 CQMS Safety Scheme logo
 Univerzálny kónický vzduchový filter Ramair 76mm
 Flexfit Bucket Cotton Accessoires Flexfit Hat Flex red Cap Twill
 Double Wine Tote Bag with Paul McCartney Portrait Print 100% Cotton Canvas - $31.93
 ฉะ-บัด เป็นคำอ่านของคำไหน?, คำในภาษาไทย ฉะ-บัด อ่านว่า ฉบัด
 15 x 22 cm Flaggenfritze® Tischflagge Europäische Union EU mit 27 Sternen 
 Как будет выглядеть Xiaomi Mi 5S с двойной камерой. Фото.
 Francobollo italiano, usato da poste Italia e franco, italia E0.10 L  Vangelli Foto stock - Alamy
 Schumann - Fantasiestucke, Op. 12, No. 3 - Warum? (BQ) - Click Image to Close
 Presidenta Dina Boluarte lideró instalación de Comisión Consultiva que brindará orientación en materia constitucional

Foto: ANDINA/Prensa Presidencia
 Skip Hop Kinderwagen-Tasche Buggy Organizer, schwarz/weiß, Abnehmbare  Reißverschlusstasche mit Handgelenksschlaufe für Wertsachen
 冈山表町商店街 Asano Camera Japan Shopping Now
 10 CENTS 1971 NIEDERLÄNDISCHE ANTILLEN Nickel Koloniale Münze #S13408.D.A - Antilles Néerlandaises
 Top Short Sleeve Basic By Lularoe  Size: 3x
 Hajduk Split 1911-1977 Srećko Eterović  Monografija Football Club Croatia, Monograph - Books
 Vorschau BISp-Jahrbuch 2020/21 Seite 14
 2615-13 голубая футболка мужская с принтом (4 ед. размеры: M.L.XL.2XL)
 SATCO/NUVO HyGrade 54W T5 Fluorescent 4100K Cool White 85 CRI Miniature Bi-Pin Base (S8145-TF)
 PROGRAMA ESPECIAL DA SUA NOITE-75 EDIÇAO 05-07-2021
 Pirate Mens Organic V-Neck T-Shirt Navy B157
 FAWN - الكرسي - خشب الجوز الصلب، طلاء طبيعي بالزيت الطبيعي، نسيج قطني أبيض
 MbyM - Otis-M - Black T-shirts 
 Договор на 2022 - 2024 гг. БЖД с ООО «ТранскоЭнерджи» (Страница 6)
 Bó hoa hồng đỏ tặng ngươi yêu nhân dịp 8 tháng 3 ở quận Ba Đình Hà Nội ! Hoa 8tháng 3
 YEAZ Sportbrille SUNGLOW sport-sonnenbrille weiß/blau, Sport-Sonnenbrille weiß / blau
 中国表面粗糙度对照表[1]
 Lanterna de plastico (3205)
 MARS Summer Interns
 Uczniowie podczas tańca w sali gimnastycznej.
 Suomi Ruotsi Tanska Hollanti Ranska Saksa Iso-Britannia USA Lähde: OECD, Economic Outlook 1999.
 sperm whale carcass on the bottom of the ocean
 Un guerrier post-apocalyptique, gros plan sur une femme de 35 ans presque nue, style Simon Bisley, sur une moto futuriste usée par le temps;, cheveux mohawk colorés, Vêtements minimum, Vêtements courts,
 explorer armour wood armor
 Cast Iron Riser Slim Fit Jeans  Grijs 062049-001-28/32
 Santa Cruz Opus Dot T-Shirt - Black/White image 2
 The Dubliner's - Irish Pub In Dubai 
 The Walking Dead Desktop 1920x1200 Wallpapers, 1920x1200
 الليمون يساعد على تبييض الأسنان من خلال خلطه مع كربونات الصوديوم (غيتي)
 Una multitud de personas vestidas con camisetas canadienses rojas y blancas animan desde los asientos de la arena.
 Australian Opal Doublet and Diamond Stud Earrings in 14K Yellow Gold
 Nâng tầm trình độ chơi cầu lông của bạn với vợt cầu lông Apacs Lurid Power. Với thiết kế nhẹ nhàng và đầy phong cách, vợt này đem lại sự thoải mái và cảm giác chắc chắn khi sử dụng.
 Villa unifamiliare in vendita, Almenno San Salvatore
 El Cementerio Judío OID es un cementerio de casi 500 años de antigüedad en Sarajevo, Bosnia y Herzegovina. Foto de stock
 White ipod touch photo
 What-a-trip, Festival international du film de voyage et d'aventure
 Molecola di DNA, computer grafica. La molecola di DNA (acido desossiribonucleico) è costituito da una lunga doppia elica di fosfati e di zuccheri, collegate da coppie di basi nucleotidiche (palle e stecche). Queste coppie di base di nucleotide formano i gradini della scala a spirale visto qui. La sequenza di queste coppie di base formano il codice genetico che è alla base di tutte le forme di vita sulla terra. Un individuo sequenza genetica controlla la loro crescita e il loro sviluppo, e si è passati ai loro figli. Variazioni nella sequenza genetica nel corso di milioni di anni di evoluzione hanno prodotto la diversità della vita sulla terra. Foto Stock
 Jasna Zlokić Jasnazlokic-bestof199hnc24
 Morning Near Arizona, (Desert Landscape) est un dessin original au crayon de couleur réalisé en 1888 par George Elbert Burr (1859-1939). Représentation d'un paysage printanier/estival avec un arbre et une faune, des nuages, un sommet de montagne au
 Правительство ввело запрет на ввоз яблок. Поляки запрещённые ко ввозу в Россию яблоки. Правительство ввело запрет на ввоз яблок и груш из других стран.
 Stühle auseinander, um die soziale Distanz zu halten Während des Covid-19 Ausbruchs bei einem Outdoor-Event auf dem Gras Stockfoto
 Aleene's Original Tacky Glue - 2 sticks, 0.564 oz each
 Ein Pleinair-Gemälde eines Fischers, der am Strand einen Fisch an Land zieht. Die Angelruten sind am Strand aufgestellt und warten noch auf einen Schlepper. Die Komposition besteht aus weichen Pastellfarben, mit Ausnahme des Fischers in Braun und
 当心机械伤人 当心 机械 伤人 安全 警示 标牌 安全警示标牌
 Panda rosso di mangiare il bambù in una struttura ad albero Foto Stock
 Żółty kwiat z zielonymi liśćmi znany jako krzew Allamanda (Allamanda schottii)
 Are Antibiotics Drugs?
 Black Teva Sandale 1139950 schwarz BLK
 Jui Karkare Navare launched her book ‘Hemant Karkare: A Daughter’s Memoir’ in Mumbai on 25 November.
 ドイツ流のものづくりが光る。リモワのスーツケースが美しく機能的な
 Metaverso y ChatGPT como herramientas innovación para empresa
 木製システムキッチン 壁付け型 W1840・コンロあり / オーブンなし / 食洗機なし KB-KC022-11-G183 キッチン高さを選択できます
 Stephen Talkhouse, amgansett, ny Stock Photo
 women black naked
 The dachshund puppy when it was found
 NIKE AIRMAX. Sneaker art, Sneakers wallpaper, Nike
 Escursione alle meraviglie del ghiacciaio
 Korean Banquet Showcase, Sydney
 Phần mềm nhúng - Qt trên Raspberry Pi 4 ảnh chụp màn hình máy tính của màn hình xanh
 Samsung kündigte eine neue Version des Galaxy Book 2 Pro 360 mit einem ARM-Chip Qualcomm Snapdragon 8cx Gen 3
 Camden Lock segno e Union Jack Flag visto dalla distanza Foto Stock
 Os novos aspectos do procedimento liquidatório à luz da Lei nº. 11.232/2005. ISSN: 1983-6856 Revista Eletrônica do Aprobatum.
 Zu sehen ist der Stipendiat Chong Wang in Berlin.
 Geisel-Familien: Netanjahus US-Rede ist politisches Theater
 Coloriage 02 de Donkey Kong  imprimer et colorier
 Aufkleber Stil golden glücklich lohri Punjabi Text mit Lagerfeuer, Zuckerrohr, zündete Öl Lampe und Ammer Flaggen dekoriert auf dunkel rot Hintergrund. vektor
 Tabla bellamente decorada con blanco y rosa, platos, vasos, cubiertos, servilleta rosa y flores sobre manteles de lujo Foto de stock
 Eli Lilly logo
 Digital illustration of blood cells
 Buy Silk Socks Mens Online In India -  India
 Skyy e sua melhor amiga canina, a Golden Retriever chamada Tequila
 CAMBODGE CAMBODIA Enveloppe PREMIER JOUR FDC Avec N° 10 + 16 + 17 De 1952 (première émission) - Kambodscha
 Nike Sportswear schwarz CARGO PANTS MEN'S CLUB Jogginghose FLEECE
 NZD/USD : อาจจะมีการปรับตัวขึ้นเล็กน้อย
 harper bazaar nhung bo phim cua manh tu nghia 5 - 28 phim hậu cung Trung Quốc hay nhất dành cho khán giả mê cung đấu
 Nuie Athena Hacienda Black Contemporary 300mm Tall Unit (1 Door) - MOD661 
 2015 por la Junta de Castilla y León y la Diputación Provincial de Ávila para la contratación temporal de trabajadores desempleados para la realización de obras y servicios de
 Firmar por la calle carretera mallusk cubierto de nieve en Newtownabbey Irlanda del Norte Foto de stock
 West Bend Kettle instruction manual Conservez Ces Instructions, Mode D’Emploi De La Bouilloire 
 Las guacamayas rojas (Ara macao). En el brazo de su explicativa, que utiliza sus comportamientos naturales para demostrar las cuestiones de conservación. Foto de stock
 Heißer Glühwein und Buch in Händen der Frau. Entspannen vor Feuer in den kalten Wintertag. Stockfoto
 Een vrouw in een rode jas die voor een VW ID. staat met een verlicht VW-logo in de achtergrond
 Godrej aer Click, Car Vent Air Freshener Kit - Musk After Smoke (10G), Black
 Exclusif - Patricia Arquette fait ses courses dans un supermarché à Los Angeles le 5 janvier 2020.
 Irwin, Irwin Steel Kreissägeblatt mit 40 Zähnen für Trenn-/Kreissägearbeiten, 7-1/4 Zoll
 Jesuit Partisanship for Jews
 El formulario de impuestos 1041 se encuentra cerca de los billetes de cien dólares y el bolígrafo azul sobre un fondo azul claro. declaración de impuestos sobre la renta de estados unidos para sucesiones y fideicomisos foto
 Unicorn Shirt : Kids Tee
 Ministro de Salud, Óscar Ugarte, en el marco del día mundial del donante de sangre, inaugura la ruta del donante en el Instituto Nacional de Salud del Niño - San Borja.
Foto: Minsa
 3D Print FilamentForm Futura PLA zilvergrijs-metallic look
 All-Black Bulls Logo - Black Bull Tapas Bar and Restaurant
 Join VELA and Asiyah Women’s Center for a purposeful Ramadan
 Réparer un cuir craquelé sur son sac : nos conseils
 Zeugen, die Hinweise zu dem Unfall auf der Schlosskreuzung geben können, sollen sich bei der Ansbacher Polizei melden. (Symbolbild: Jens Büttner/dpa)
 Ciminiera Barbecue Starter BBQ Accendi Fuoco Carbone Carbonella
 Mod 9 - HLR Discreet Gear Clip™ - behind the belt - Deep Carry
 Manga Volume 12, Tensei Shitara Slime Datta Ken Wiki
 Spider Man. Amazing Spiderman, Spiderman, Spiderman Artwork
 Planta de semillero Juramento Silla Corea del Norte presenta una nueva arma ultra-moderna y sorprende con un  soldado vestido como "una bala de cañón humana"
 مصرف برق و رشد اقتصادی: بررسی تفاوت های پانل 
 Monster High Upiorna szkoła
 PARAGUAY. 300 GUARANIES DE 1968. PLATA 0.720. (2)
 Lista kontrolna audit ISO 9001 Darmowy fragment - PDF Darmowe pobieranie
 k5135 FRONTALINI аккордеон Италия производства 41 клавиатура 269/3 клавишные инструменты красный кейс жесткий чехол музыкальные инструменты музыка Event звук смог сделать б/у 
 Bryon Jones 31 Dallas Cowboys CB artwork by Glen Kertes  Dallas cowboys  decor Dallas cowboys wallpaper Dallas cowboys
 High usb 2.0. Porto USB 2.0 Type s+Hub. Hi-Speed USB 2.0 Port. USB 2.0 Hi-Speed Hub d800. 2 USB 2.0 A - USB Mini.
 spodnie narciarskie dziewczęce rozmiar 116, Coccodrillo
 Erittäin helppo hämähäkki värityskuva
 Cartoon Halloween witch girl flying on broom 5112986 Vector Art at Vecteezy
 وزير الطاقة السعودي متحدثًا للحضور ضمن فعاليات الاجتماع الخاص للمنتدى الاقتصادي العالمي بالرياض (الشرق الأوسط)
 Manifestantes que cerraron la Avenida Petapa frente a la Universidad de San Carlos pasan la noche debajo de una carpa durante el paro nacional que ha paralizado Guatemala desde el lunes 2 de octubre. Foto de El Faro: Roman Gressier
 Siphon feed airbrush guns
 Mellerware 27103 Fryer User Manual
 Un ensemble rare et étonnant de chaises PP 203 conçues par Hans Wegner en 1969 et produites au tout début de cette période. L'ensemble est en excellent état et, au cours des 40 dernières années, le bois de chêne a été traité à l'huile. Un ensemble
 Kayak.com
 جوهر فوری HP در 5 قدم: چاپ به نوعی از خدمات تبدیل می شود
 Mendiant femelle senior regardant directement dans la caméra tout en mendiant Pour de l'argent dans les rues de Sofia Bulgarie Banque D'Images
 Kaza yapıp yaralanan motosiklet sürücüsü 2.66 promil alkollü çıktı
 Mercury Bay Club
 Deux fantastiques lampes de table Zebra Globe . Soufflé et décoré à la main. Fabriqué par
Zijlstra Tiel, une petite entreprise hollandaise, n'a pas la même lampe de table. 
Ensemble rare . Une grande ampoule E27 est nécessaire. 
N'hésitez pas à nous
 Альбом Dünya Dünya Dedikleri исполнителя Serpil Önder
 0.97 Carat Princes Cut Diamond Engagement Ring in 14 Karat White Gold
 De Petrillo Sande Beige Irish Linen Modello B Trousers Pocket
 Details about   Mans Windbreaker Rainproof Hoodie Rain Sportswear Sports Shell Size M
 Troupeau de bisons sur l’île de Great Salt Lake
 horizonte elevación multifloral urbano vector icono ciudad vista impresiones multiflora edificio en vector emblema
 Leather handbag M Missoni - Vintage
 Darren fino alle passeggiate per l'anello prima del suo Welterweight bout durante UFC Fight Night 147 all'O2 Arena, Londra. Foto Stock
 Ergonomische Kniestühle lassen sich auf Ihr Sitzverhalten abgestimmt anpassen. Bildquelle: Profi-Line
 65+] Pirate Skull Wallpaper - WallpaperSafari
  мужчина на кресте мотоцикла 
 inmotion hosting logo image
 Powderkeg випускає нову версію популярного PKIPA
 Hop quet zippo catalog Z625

--

■ **Instructions to follow**: Where a line in the material above holds "White", copy that line.

■ **Written response**:
 SATCO/NUVO HyGrade 54W T5 Fluorescent 4100K Cool White 85 CRI Miniature Bi-Pin Base (S8145-TF)
 Santa Cruz Opus Dot T-Shirt - Black/White image 2
 White ipod touch photo
 0.97 Carat Princes Cut Diamond Engagement Ring in 14 Karat White Gold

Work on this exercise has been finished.